(DIRECTIONS FOR THIS TASK)
Your result should be every line of the records below that contains the word "text".

########################################

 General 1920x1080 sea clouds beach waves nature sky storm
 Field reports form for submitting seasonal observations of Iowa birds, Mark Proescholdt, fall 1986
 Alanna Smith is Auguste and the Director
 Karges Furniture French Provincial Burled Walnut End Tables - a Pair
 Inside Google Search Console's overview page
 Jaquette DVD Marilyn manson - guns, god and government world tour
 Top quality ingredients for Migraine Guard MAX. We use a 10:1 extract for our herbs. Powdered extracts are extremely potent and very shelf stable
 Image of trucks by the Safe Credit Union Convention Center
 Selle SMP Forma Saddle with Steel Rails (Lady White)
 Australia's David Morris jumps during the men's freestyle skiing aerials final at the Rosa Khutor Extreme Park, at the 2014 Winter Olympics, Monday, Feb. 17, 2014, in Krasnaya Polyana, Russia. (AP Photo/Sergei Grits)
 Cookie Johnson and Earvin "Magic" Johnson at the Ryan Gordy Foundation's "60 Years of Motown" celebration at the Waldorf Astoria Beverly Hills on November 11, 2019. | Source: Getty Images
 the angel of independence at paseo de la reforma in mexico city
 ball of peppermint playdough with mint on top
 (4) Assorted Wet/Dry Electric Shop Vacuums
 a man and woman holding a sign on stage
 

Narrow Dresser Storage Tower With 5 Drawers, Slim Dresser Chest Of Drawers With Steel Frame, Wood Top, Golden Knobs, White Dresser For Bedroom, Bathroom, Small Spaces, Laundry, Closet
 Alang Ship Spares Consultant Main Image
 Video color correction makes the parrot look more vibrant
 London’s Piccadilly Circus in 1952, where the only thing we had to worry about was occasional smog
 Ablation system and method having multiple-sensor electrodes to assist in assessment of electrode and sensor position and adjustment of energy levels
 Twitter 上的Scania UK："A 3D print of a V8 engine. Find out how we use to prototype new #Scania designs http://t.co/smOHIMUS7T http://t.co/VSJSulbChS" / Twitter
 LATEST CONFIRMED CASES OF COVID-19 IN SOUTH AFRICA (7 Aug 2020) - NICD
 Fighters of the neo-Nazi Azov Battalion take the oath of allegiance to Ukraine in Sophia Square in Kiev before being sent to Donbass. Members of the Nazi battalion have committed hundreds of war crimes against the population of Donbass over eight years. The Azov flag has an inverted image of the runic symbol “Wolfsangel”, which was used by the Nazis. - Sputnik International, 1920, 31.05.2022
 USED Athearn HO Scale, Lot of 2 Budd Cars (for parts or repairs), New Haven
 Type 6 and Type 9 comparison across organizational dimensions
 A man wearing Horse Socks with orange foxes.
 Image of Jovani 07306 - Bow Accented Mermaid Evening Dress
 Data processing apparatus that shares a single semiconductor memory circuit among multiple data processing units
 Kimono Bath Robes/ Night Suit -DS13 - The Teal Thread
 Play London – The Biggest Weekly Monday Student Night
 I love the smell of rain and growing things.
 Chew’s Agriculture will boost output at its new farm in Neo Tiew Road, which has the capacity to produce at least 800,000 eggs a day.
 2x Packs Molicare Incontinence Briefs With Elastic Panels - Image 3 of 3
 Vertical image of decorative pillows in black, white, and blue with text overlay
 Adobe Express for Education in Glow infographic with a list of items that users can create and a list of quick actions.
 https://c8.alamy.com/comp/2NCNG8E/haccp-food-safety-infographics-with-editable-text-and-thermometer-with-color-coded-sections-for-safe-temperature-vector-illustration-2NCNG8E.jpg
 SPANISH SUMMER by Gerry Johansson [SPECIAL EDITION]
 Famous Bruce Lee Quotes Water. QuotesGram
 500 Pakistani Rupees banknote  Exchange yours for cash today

########################################

(RESPONSE TO THE TASK)
 Vertical image of decorative pillows in black, white, and blue with text overlay
 https://c8.alamy.com/comp/2NCNG8E/haccp-food-safety-infographics-with-editable-text-and-thermometer-with-color-coded-sections-for-safe-temperature-vector-illustration-2NCNG8E.jpg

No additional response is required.